PROBLEM DESCRIPTION: For this exercise, an exact copy is needed of only the lines from the one containing "Grey Pants Dress Talbots, Size 10petite" through the end of the data, with pictures left out.

DATASET SECTION:
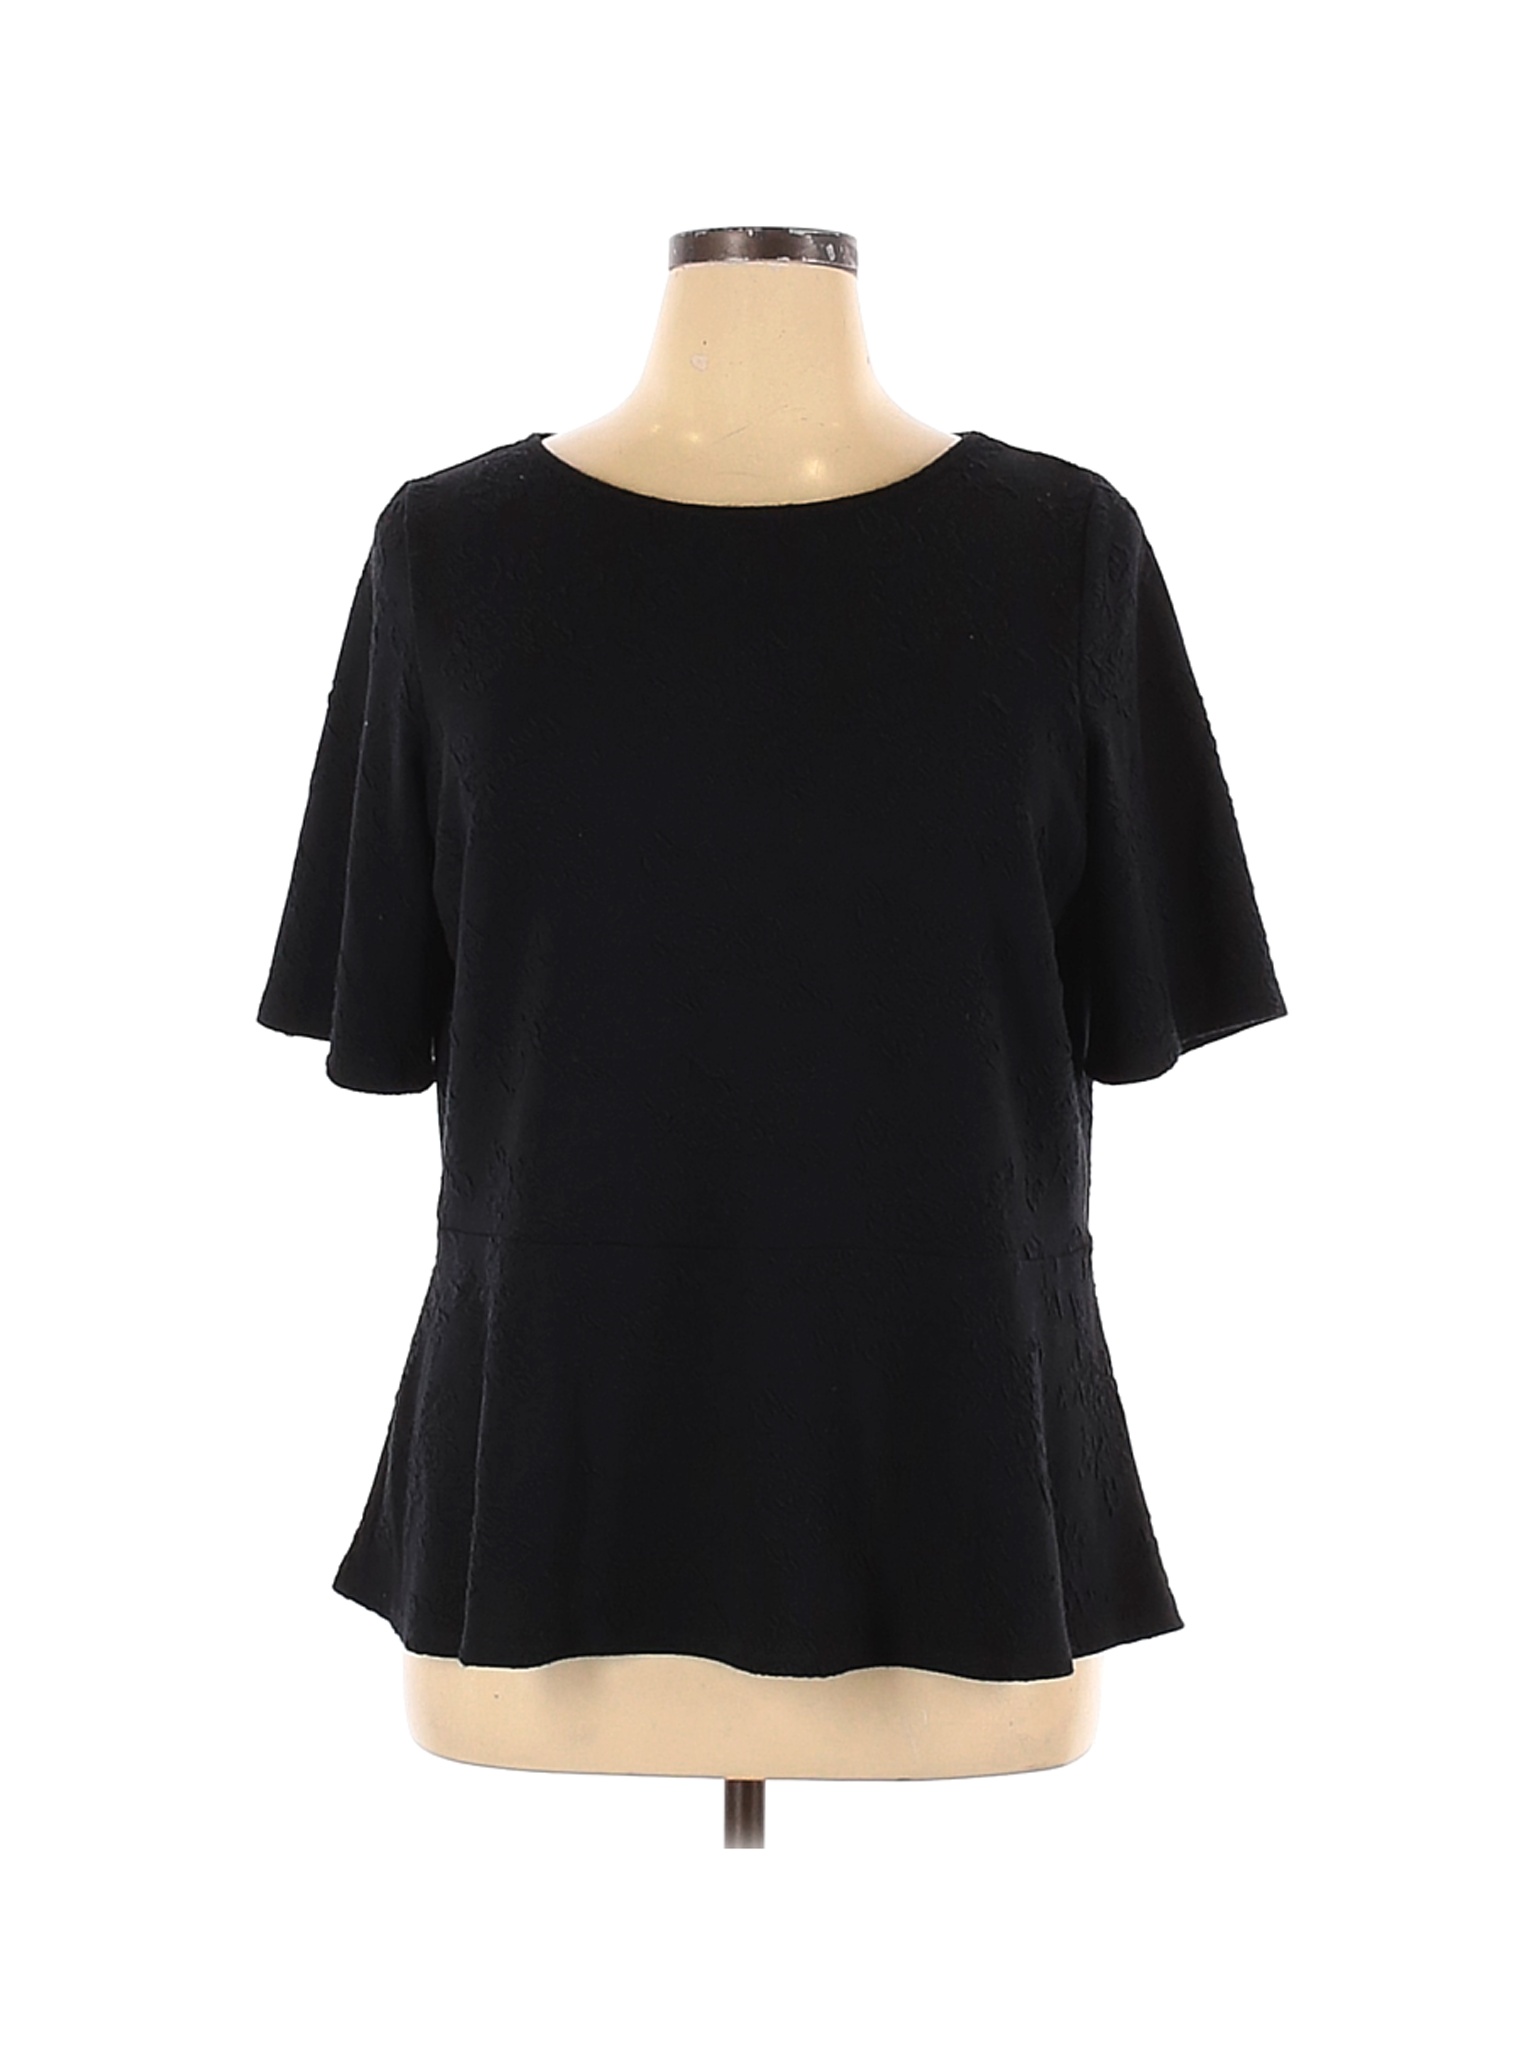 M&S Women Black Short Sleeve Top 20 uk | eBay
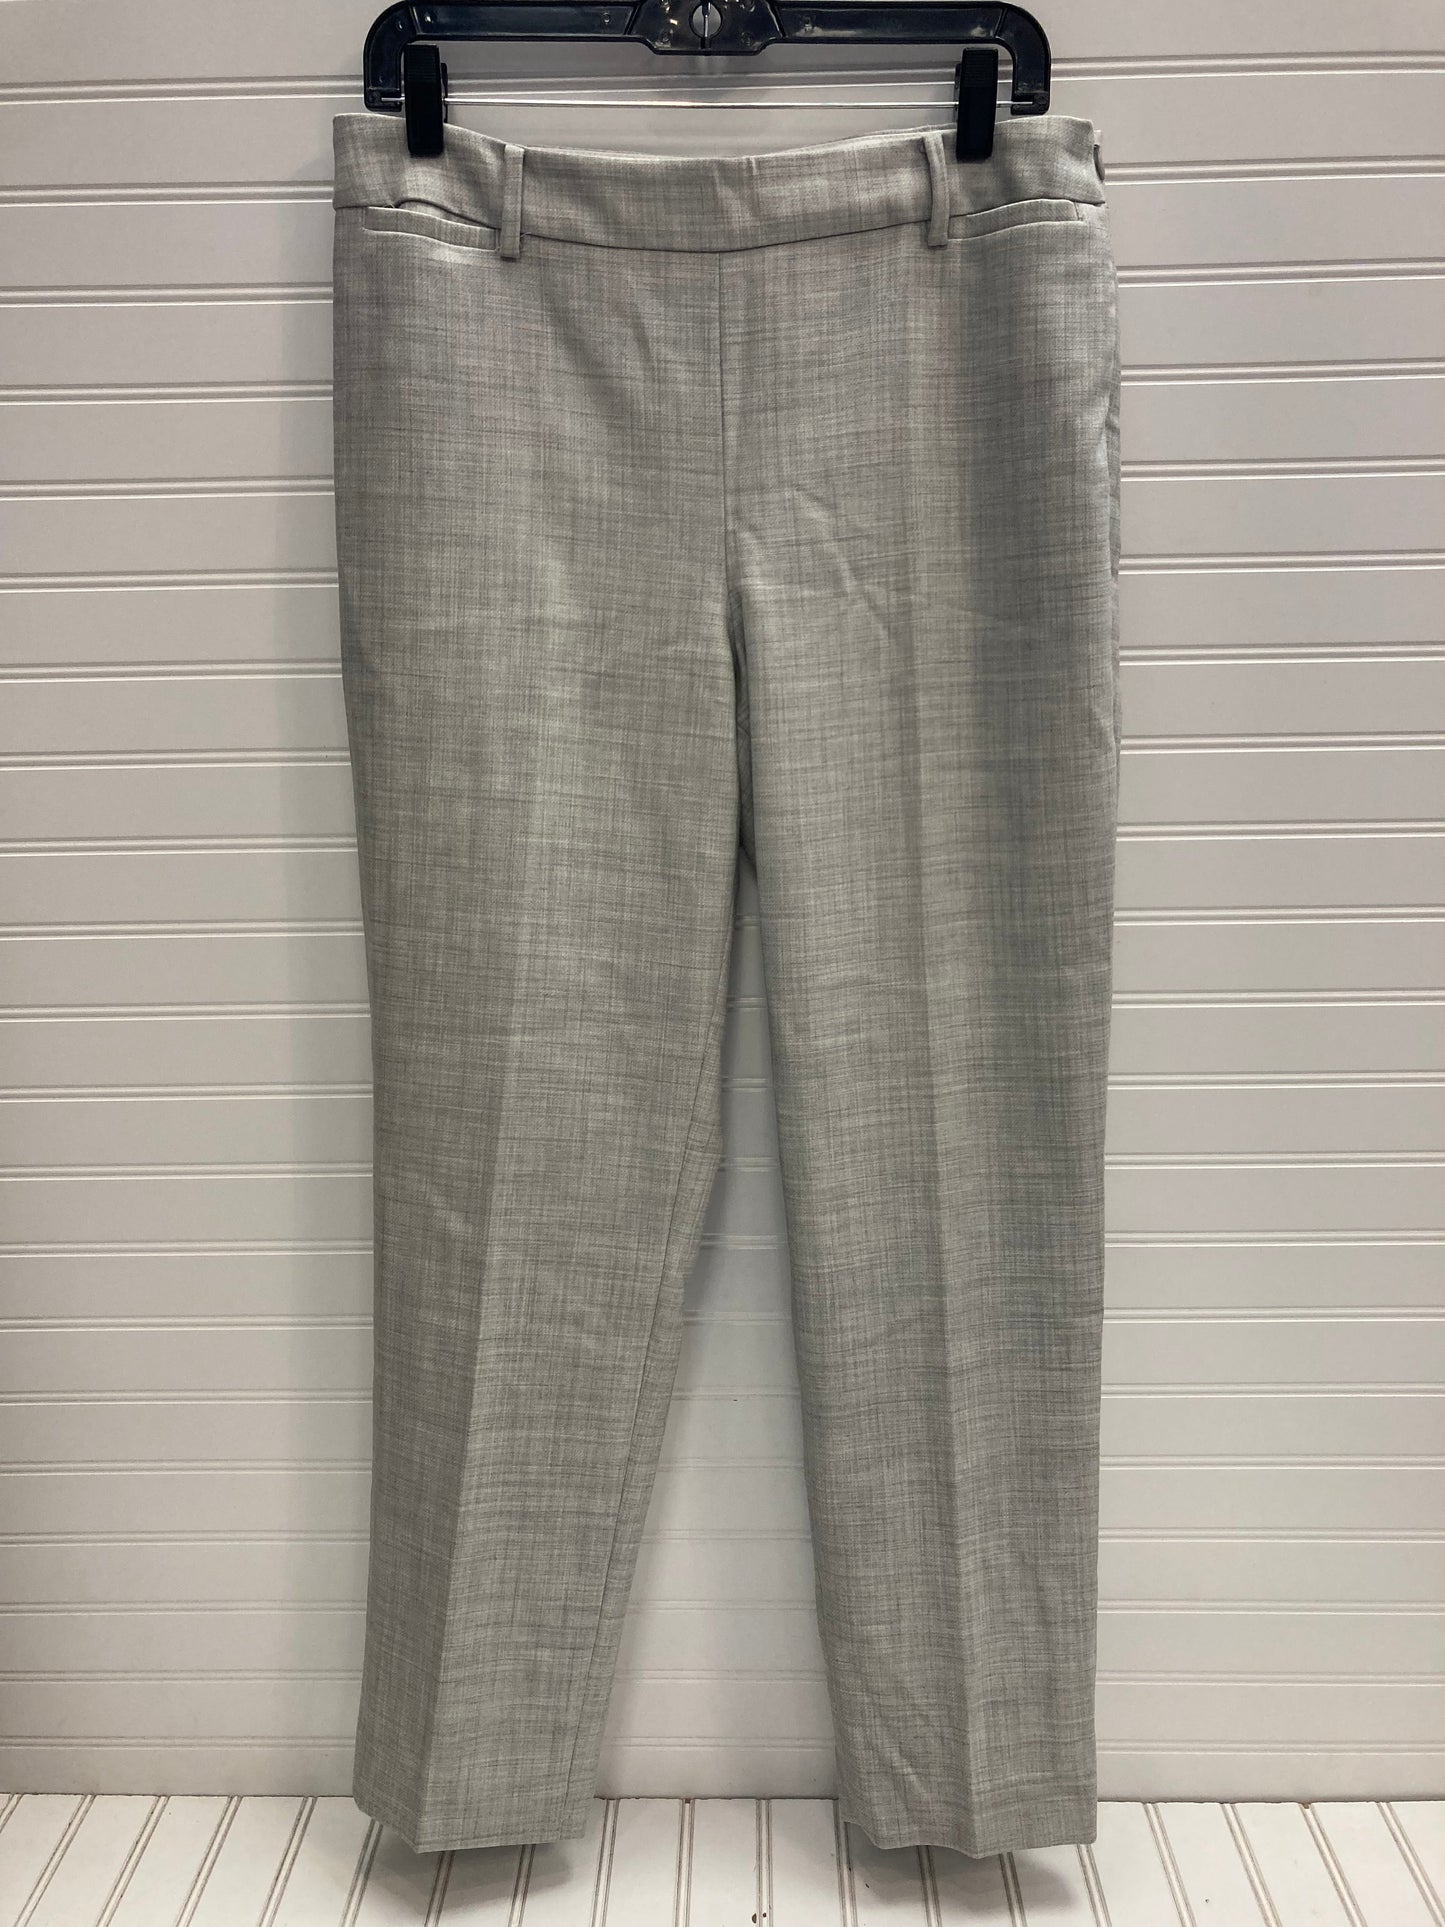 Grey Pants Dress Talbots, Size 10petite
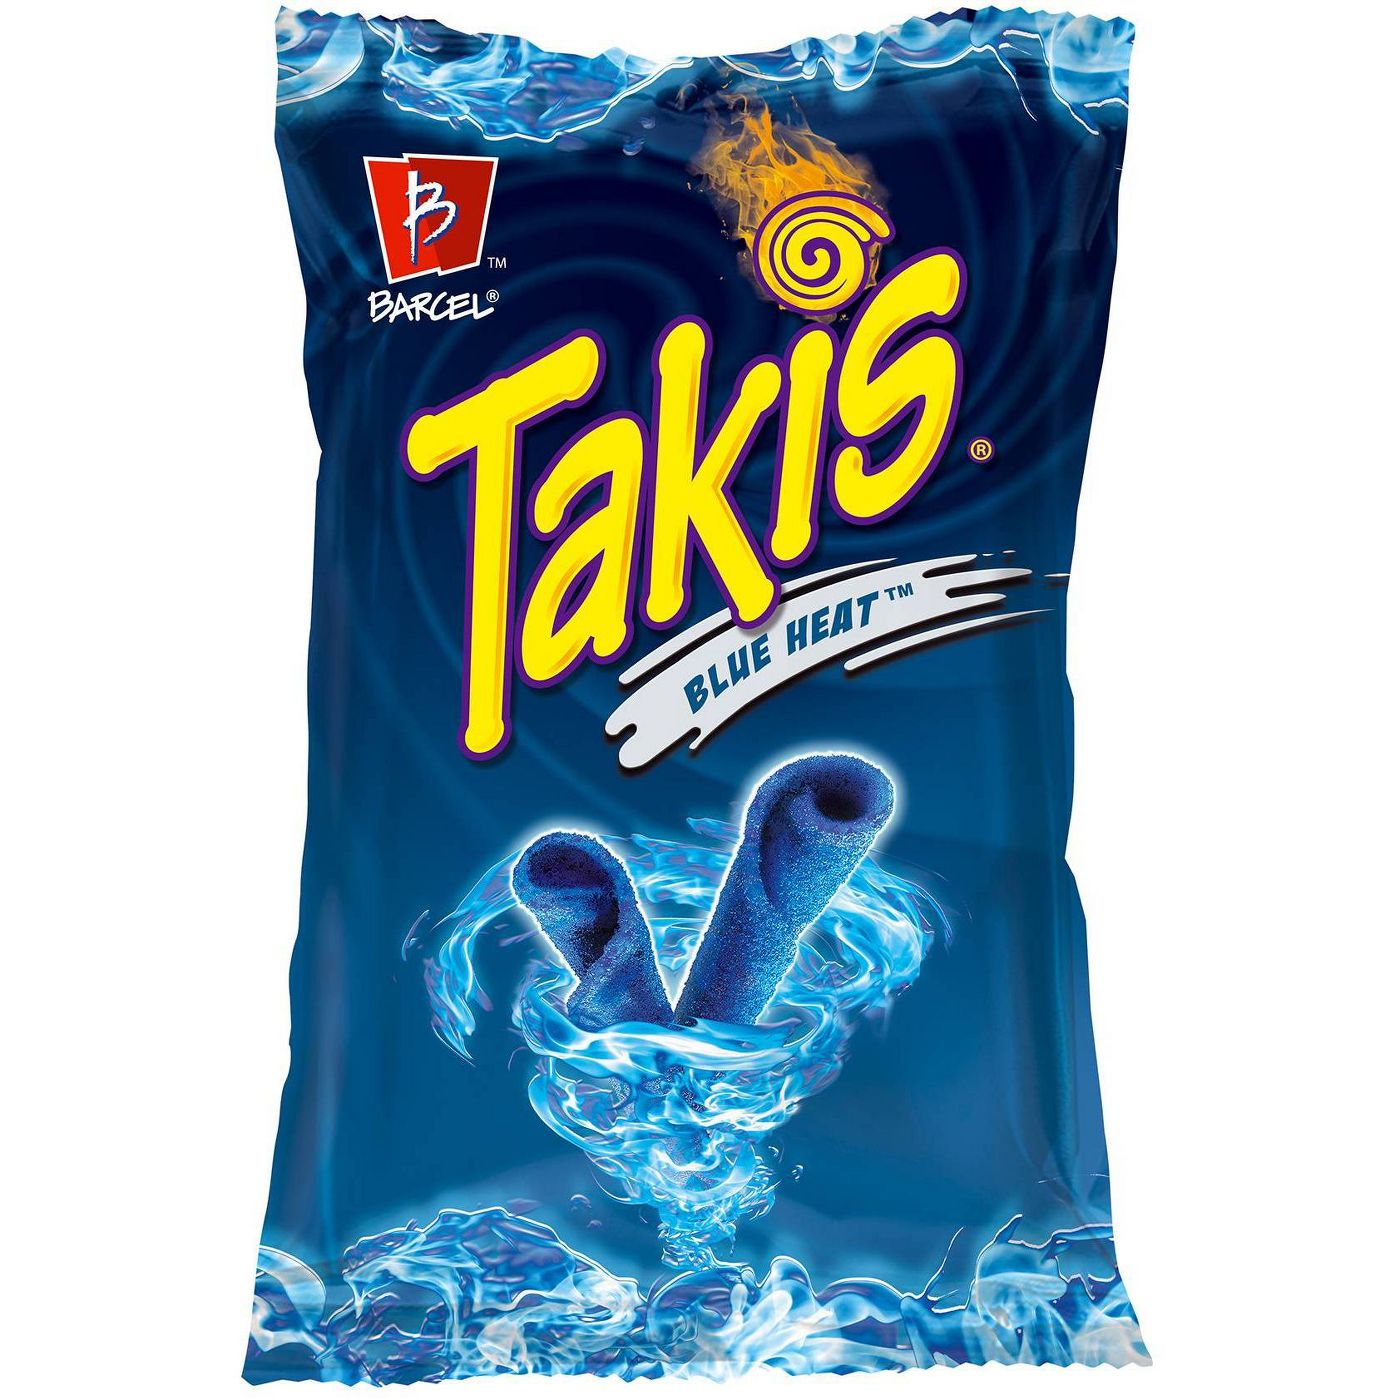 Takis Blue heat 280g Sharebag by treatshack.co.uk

RESPONSE TO THE EXERCISE:
 Grey Pants Dress Talbots, Size 10petite
 Takis Blue heat 280g Sharebag by treatshack.co.uk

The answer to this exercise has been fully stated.